A reservation, all the same. The company is moving into the armaments field, but still leaves the lethal core to Stark, the start-up that left its ranks last year. It is broadening its range without upsetting the sharing of roles, according to what its customers demand.
Will the next giant come from across the Rhine?
Beyond a device, the PULSE P19 says something about the Europe that is coming. Helsing occupies the media spotlight across the Rhine, but Quantum Systems stands out as the other name that must now be remembered. An entire continent, long dependent on American giants and a few historic champions, is seeing the emergence of a generation of lively players, nourished by venture capital and hardened by the Ukrainian experience.
Someone still needs to sign the orders. And there, Germany does not do things by halves. Like the United States, which showers its nuggets of new defenseBerlin supports its own on a large scale: the 747 Twister drones promised to the Bundeswehr speak volumes. France is moving forward more cautiously. The General Directorate of Armaments has certainly demonstrated unprecedented responsiveness by ordering, in mid-2025, 1,000 training drones from the French Harmattan AI, delivered in less than a year, a record. But these are micro-drones for combat preparation, not a structuring market. And it was a private industrialist, Dassault Aviation, which took over by leading the $200 million Series B in January 2026, making Harmattan AI the first tricolor defense unicorn. French public support primes the pump; he doesn’t wear it yet.

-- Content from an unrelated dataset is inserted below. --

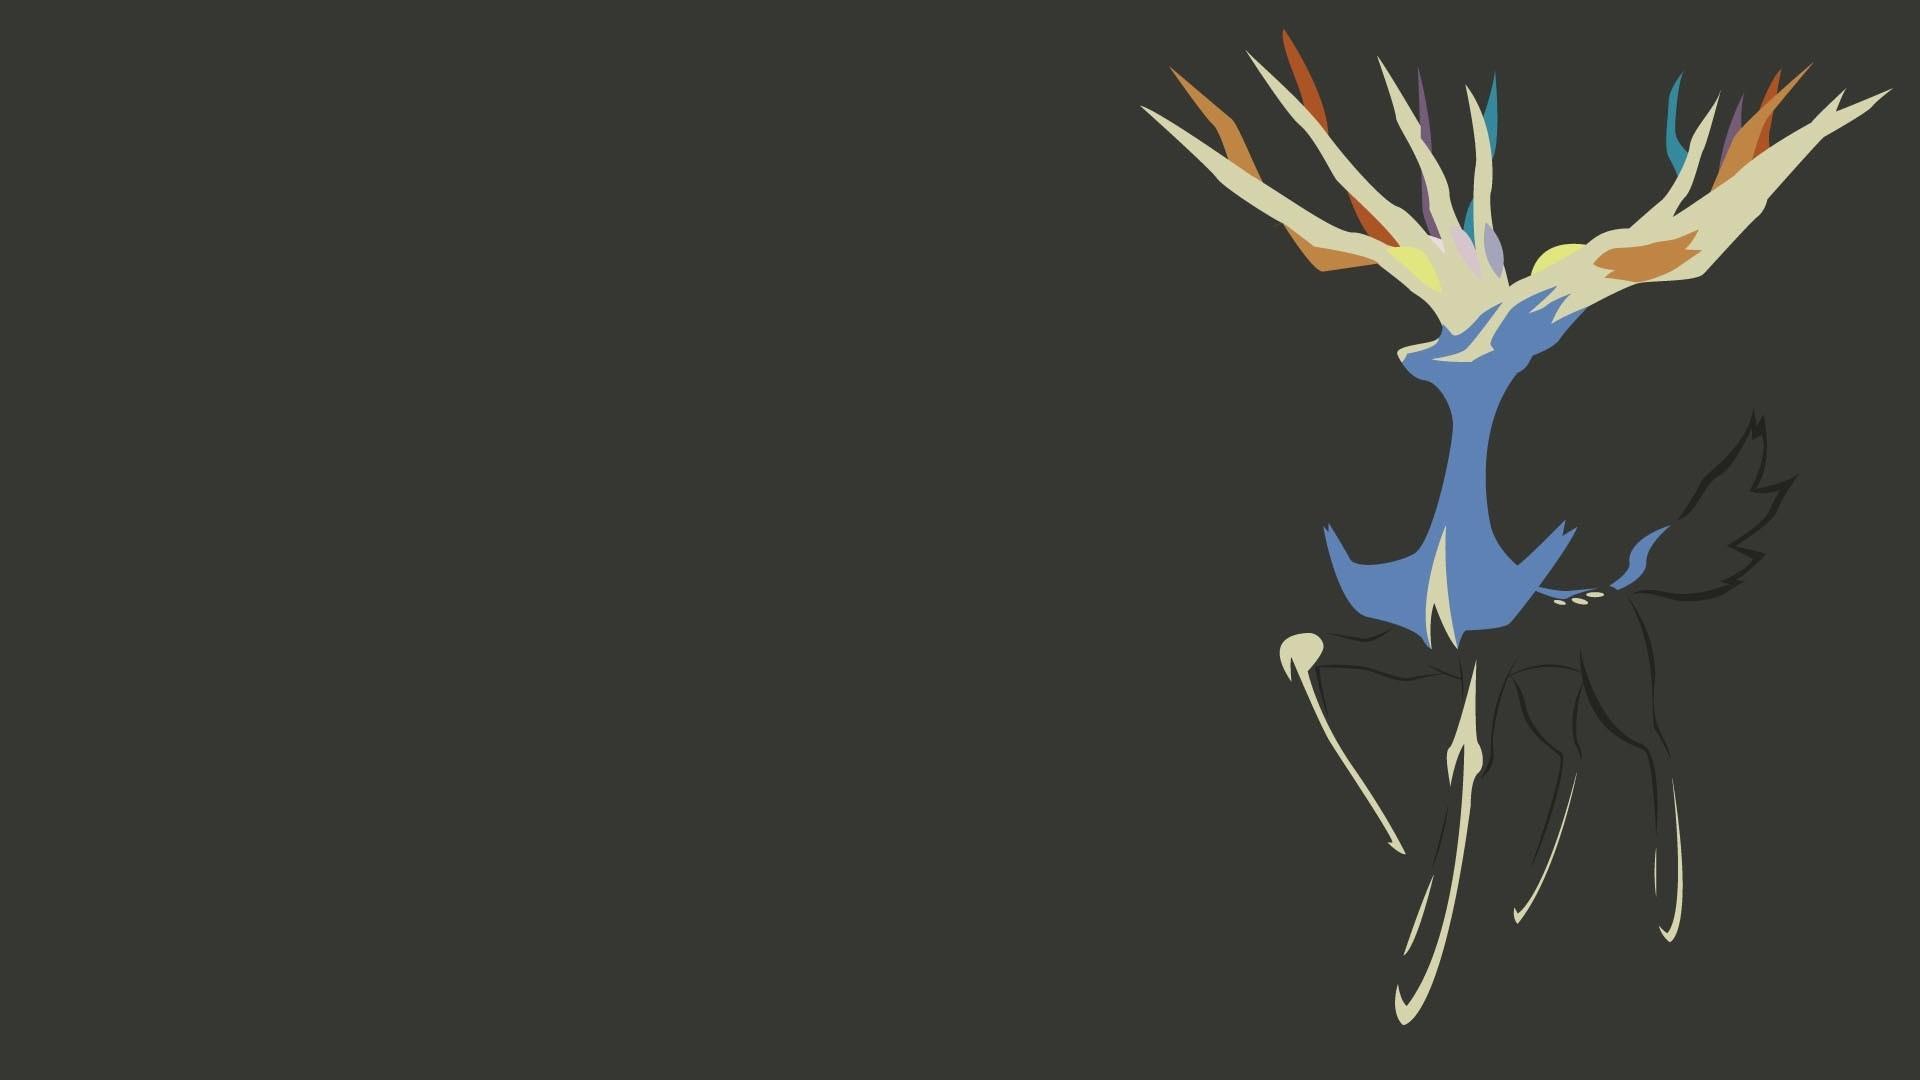 … Cool Pokemon X Y Legendaries Wallpaper Free Download Wallpapers –  Download Free Cool Wallpapers for PC Download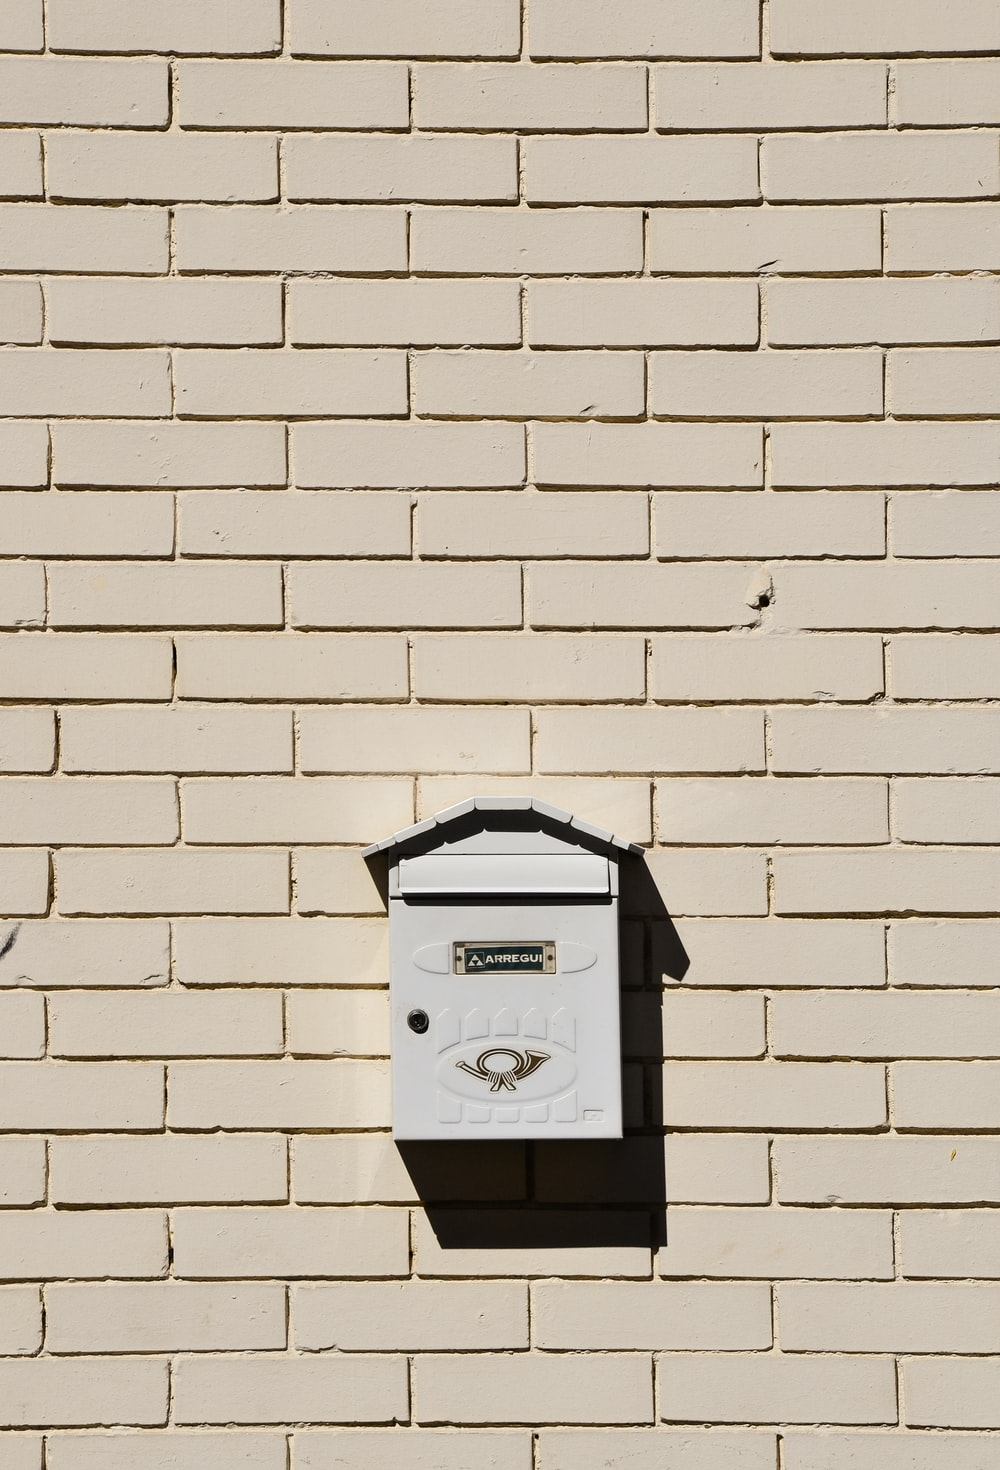 black mail box mounted on white brick wall

This delay is not anecdotal. For the staffs, however, the challenge goes beyond simple hardware. It involves sovereignty: manufacturing at home, quickly and at a sustainable cost, the capabilities that will decide the wars of tomorrow. If the PULSE P19 keeps its word in 2027, Quantum Systems will have demonstrated that a drone maker can, in a decade, look the established prime contractors in the eye. From the ground to orbit, the Munich company weaves a web of which this plane is only the most visible thread. The rest of the ball deserves let’s take a closer look: present in Ukraine since 2022, where its Vectors are accumulating flight hours in contact with the front, Quantum Systems has also just won a contract with the US Army for its combat brigades. A young German company which is placing its drones in the American arsenal: two years ago, the idea would have made you smile.
And maybe this is just the beginning. A few days before the ILA, on the Lithuanian terrain of PabradÄ—, American soldiers tried the HX-2 attack drone from another gem from across the Rhine, Helsing, with a success rate of 88% when fired. Enough to fuel a hypothesis that was still unthinkable yesterday: what if the next major supplier to the American army was German? Germany has already chosen its side: order early, order big, make its young shoots champions. The real question now is on this side of the Rhine. When will a French trajectory meet the challenge, which does not leave Harmattan AI alone to carry the flag? Because the train will not slow down.